__Description of the task__:
Write out the data below exactly, from its first line to the line containing "iiyama ProLite XU2493HSU-B6", that line included.

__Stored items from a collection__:
────

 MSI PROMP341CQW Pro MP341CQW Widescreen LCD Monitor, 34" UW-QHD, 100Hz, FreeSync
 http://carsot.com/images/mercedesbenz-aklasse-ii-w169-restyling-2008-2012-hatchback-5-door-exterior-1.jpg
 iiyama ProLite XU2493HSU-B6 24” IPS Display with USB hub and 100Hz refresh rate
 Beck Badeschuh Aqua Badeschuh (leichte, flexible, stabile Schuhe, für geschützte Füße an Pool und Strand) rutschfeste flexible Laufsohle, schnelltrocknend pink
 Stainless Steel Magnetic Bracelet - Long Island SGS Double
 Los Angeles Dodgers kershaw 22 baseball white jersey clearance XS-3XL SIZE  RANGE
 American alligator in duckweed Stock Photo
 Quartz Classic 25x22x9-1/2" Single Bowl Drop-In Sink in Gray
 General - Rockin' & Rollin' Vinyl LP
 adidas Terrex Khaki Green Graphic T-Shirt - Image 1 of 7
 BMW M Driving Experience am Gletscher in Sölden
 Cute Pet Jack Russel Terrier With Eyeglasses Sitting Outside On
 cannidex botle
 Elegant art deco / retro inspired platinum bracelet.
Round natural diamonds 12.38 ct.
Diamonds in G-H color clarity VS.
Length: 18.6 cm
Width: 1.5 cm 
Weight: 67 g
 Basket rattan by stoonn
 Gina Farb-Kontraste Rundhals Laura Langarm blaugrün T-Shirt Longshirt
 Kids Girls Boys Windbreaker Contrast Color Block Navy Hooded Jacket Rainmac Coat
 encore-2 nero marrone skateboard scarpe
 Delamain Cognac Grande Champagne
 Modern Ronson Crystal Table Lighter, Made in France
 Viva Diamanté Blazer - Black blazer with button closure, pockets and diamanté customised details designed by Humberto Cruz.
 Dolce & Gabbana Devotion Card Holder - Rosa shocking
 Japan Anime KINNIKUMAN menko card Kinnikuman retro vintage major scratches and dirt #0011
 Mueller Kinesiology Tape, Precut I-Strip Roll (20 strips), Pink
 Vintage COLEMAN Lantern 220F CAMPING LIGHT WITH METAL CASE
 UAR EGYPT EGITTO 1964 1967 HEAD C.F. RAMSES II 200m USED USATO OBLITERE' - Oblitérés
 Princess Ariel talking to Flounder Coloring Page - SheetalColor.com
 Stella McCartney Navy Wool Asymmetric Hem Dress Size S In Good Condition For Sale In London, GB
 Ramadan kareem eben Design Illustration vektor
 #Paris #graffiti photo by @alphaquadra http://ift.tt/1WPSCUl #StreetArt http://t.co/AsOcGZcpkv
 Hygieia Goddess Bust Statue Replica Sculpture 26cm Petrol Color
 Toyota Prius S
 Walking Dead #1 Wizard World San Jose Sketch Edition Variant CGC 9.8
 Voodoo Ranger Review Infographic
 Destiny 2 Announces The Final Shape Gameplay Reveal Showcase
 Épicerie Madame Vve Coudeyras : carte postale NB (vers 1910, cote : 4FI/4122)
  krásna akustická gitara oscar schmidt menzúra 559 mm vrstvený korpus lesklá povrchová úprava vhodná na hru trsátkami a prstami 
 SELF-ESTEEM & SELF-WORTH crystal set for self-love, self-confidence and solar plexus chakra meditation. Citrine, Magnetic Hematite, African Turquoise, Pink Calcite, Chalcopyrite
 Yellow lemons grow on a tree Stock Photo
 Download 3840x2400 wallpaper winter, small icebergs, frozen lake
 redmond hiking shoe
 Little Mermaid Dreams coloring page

────

__Solution to this task__:
 MSI PROMP341CQW Pro MP341CQW Widescreen LCD Monitor, 34" UW-QHD, 100Hz, FreeSync
 http://carsot.com/images/mercedesbenz-aklasse-ii-w169-restyling-2008-2012-hatchback-5-door-exterior-1.jpg
 iiyama ProLite XU2493HSU-B6 24” IPS Display with USB hub and 100Hz refresh rate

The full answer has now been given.